The finding that one gene was responsible for enabling C. jejuni to cause abortion provided a unique opportunity: we could screen genomics techniques, looking for any analyses that, based only on C. jejuni genome sequences, could discover the true abortion-causing gene. We found one analysis, a population genetics statistic referred to as Fu's Fs, that predicted porA as having the highest signal genome-wide for driving population expansion. Furthermore, we learned that elimination of recombination was crucial, and that sequences only from disease-causing isolates (and no background, non-disease causing isolates) were required. The signal in Fu's Fs, according to theory, indicates that porA is conferring a fitness advantage, or is under positive selection, which is driving the population expansion. We now for the first time have a fully computational technique that might provide direct, specific information about why certain bacteria are able to cause disease or how they evolved to be pathogenic. A key advantage of using Fu's Fs is that we only need disease-causing isolates, or those isolates that are sampled from a rapidly expanding (presumably successfully virulent) population. This is precisely the bias that exists in current sequencing projects, enabling us to envision broad testing of this technique on public data sets for a variety of pathogenic bacteria.
Figure 1. The 2015 GBS outbreak in Singapore was a clonal outbreak associated with contaminated fish.
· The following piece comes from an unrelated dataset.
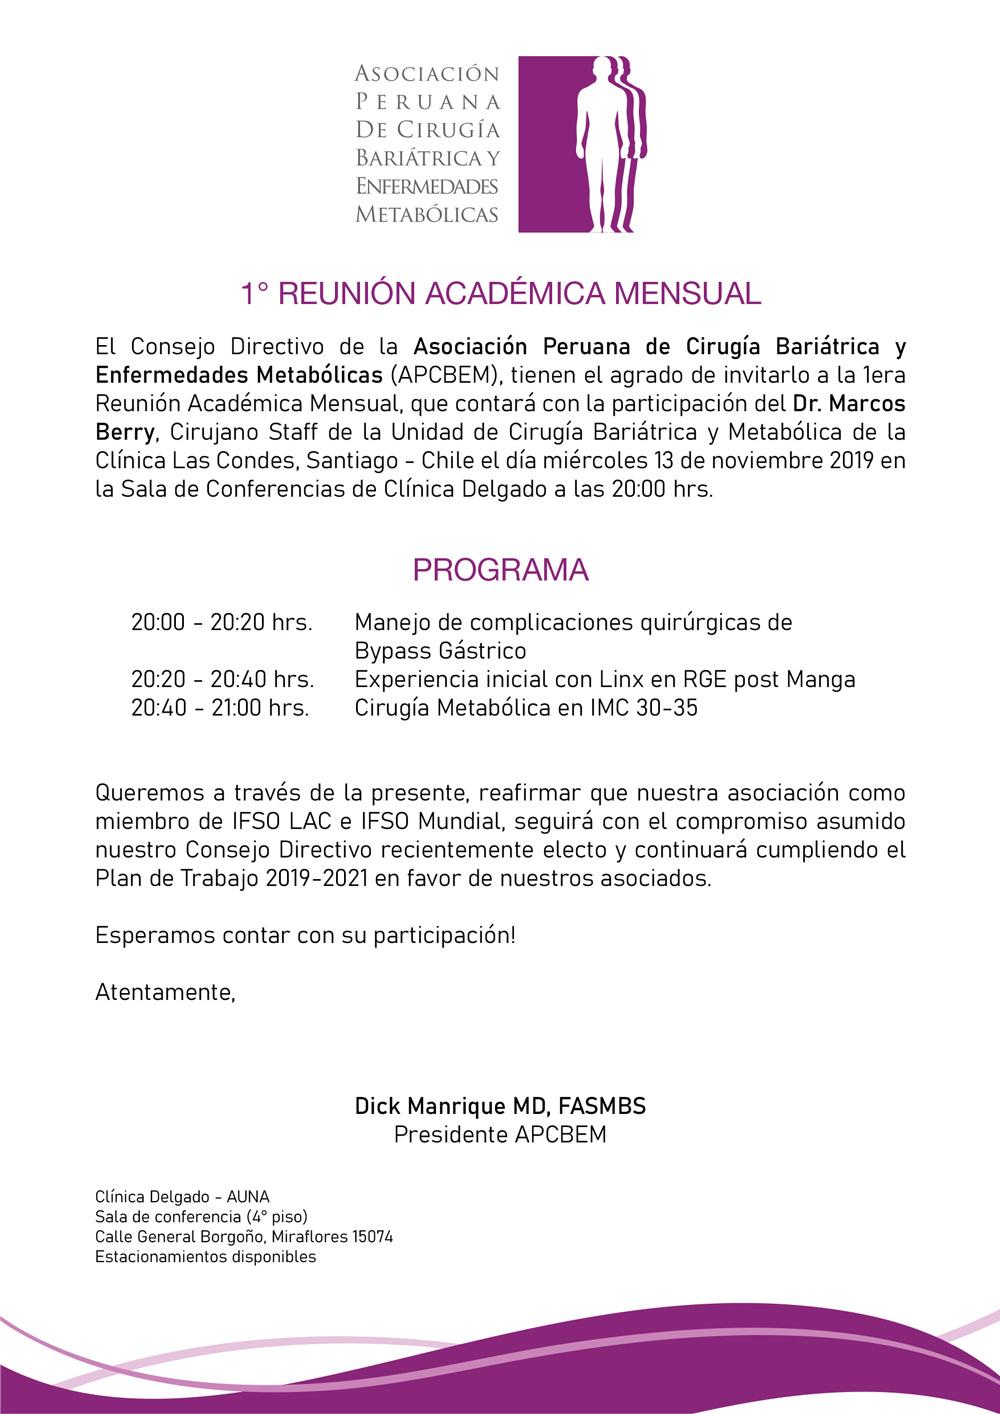 1er Reunión Académica Mensual

The left tree shows that placement of Singaporean invasive GBS isolates within the context of 258 publicly available GBS strains showed sporadic cases (green asterisks) prior to 2015 but tight clustering (red asterisks) during the outbreak. The inset on the right shows the high relatedness of the 2015 outbreak strains (>80% less than 1 SNP apart; red branches). In addition, one fish GBS strain was identical to the major human clone (SG-M1).